Get 20% off the Enterprise Package & Win Black Friday. Avoid Fixing Broken Scrapers

Integrating Splash with ScraperAPI

In this guide, you will learn how you can easily integrate ScraperAPI with Splash to handle JavaScript-heavy websites that require browser rendering. I will walk you through the recommended integration methods and show you how to leverage both Splash’s rendering capabilities and ScraperAPI’s proxy infrastructure.

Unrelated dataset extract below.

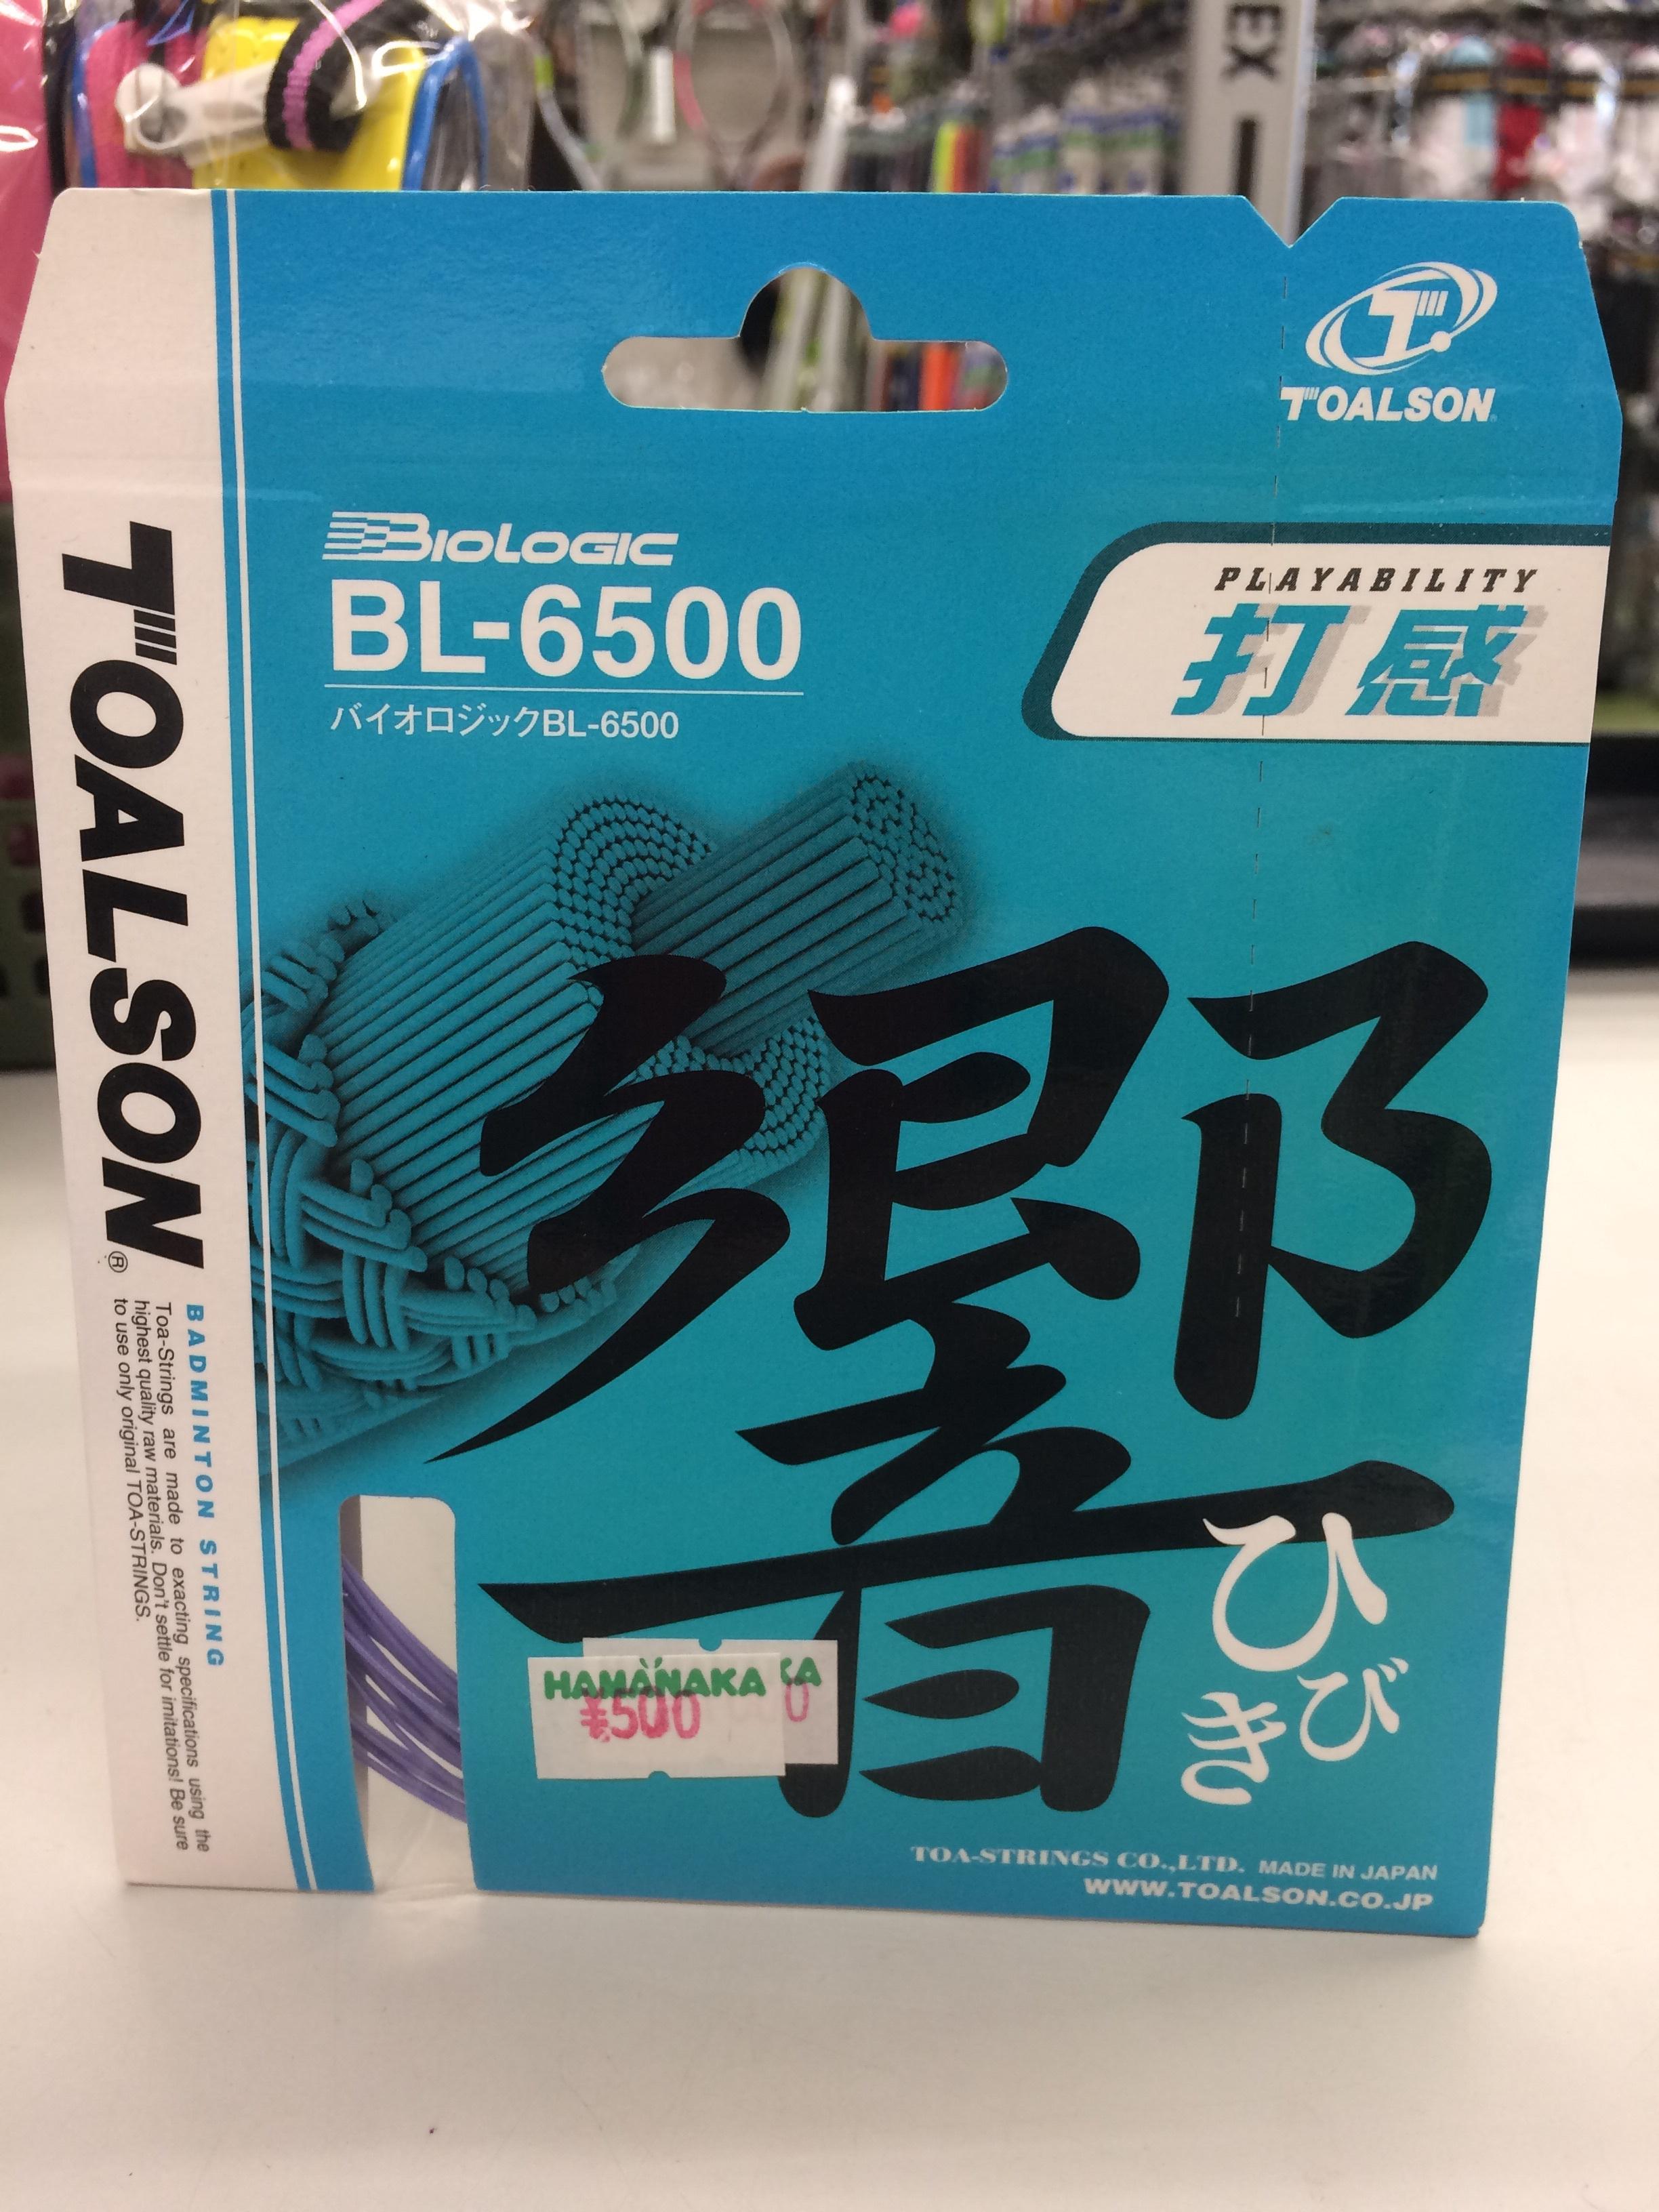 TOALSON  響 BL-6500  - 画像1

To get full rendering with ScraperAPI’s rotating proxies, simply run Splash with ScraperAPI’s proxy configured.

Requirements

  • Python
  • Splash (via Docker)
  • requests (Python HTTP library)
  • Docker (for running Splash)
  • ScraperAPI & API key (store this in a .env file)

1. Install and run Splash

Install your requirements (requests is the only one you need to install explicitly via pip). If you don’t have Docker installed, download and install it here. After installing, make sure it’s running before continuing. 

Start Splash via Docker:

pip install requests
docker run -p 8050:8050 scrapinghub/splash

If you receive an error stating that port 8050 is already in use, it means another Splash container is already running.

To fix this:

  • Find the container using port 8050
    Run this in your terminal:
docker ps
  • You’ll see something like:
CONTAINER ID   IMAGE                PORTS
abc123         scrapinghub/splash   0.0.0.0:8050->8050/tcp
  • Stop the container with the container ID from the previous step:
docker stop abc123

Replace abc123 with your actual container ID and run your Splash container again.

2. Splash Request Example (Basic Integration)

If you haven’t already, create an account on ScraperAPI and get your API key.

Create a .env file to securely store your ScraperAPI key:

SCRAPERAPI_KEY=your_scraperapi_key_here

In your root folder, create a Python file and paste the following:

import os
import requests
from dotenv import load_dotenv
import time

# Load the ScraperAPI key from .env file
load_dotenv()
API_KEY = os.getenv("SCRAPERAPI_KEY")
SPLASH_EXECUTE_URL = "http://localhost:8050/execute"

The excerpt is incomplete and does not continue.